The Secretary of War submitted his annual report on the affairs of the Army. It was at once a report and a warning to Congress not to take another slice off the War Department’s proposed allowance for next year—an allowance already pared by the Budget Bureau.
Mr. Weeks’ chief recommendations:
1) Increase the maximum enlisted strength of the regular Army from 125,000 to 150,000.
2) Increase the commissioned strength of the regular Army from 12,000 to 13,000.
His reasons and justification:
¶Our foreign garrisons are cut to a “dangerously low limit.” The regular Army at home is strained by the effort to furnish instruction to civilian training camps. “As a result the morale of the regular Army . . is below what we should demand of it”

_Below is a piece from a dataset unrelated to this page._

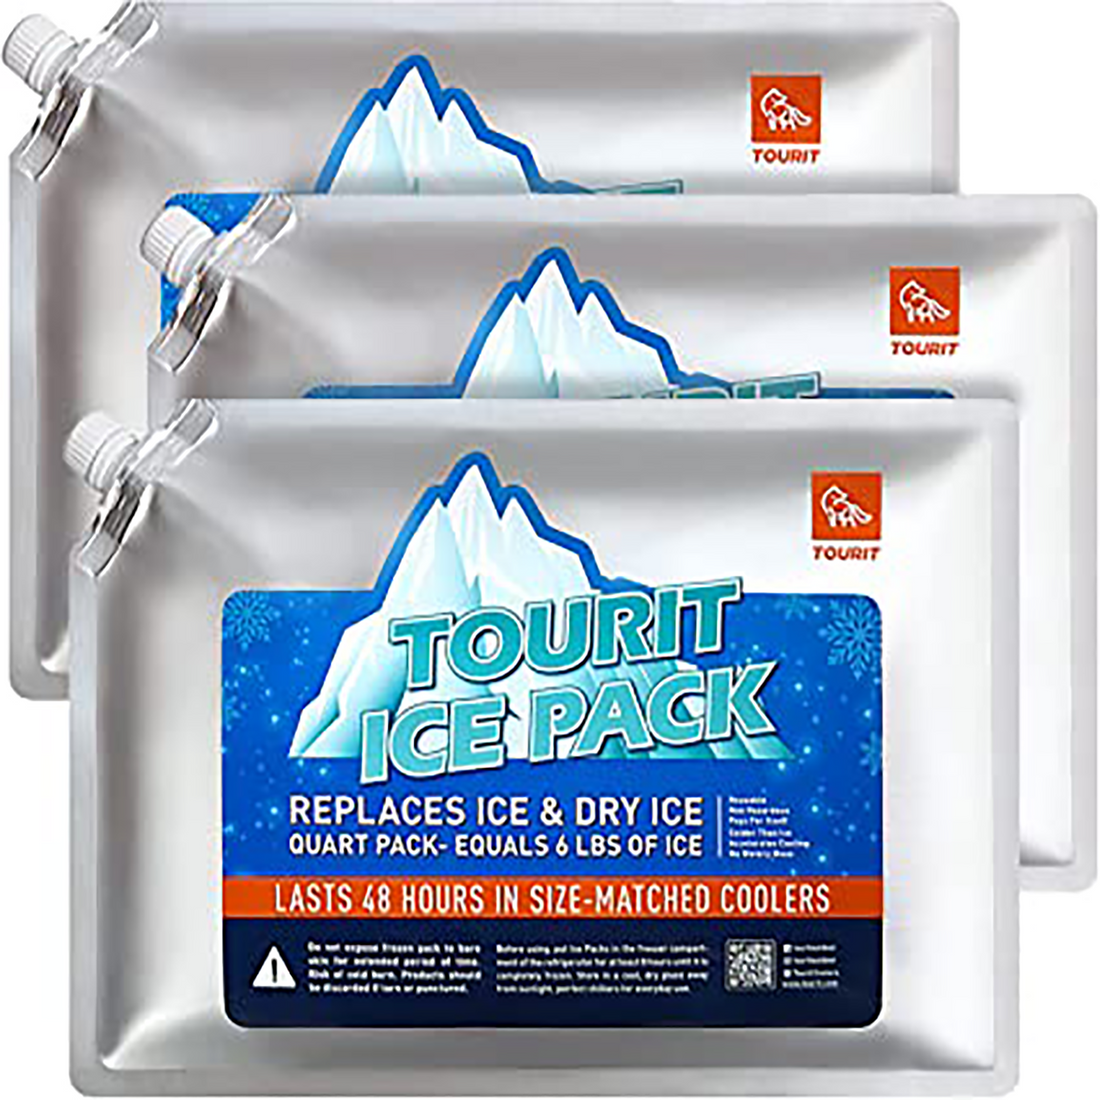 Reusable Ice Packs – TOURIT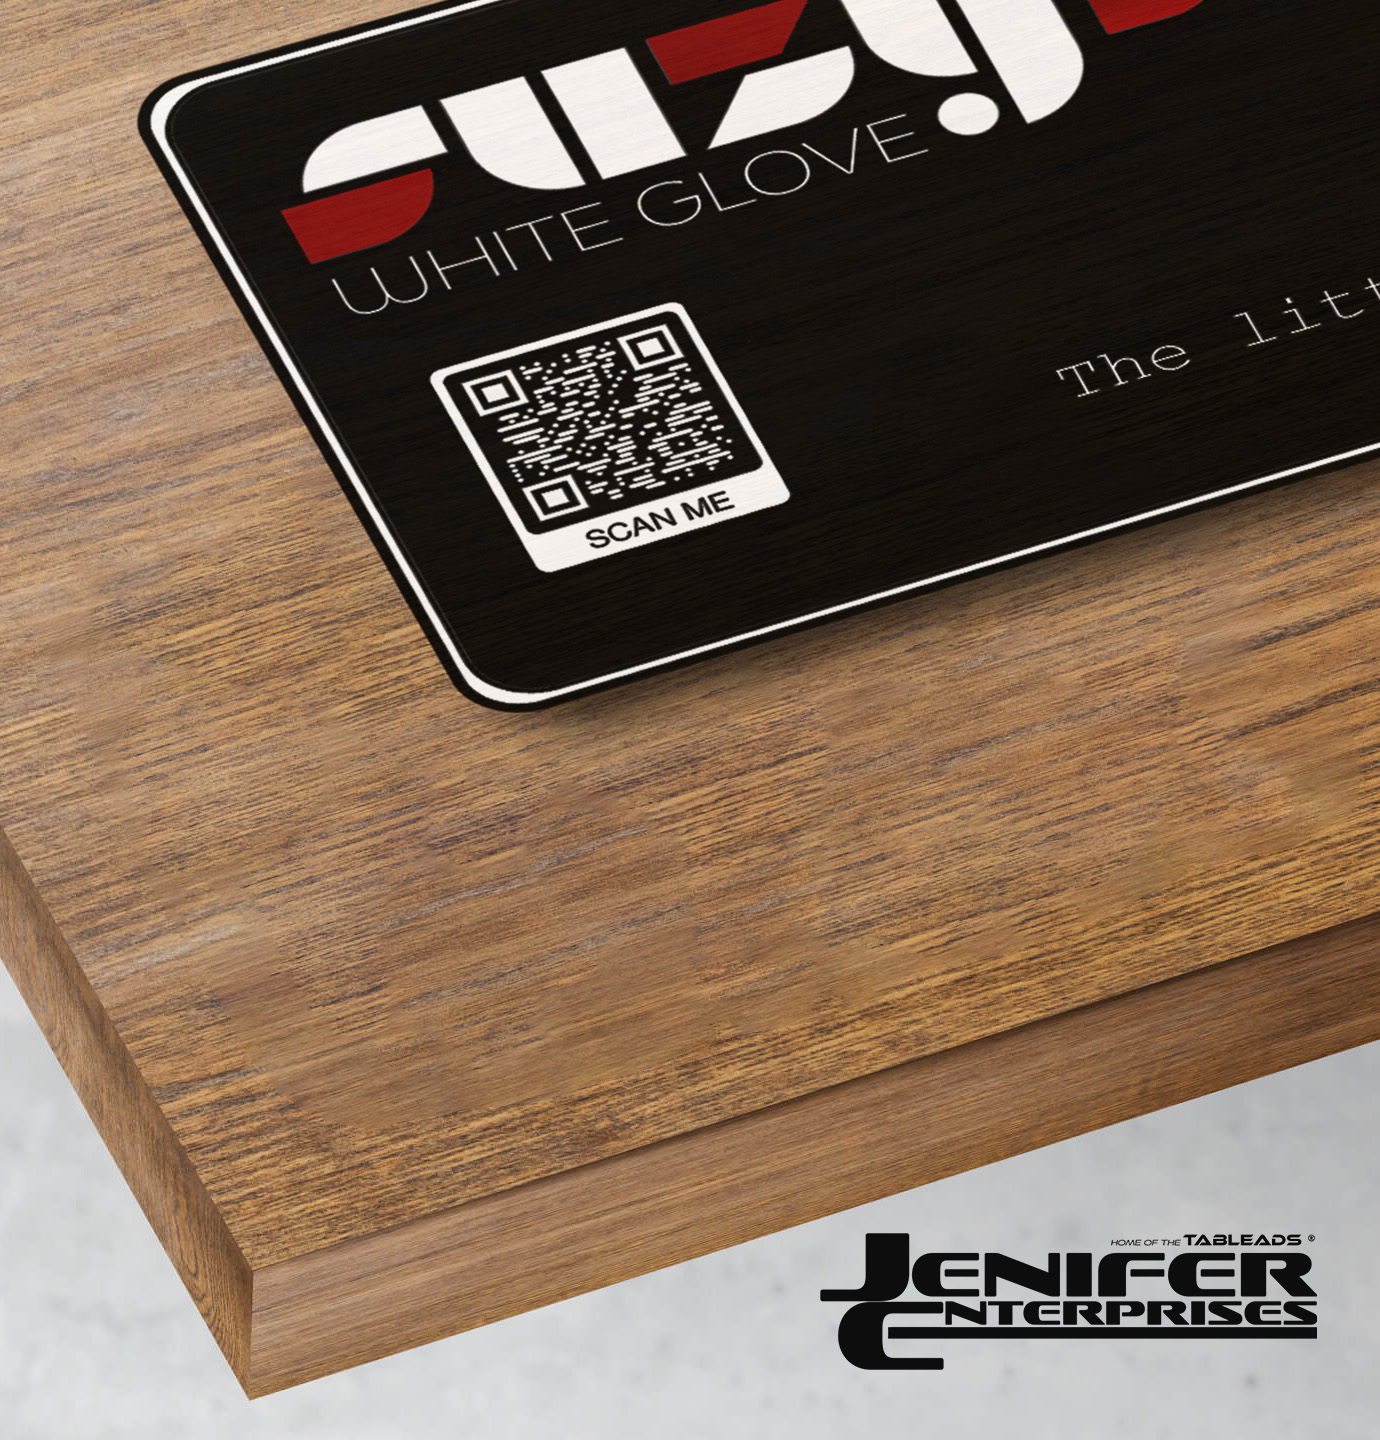 Jenifer Enterprises - TableAds - advertise on tables in restaurants

¶”Since 1921 the total number of individuals under military training or in military organizations has decreased from 519,041 to 504,010.”
¶The cost of maintaining our Army is about $2.34 per capita of the population.
¶The total cost of Army, Navy and Marine Corps is only 14% of our total budget; the actual expenditures of the Army only 6%.
¶”In one year we spend six times as much for soda and confections as we spend for military purposes, for tobacco nearly four times, for perfumery, jewelry and other items of adornment nearly five times, and for theatres, cabarets and similar amusements more than three times. Military preparations cost us, roughly, one-eighteenth of what we spend for luxuries, amusements and mild vices.”
¶If every taxpayer “purchased each year for his own protection any Army “automatic pistol the total expenditure would be more than the cost of the Army.”
¶Estimating our national wealth as $400,000,000,000, we have only one soldier for each $2,500,000. The following nations maintain one soldier for the following amounts of their wealth:
Great Britain $250,000
France $133,000
Italy $120,000
Japan $90,000
¶Considering our Army and Navy expenditures as “defense insurance,” the premium rate is only $1.50 per $1,000.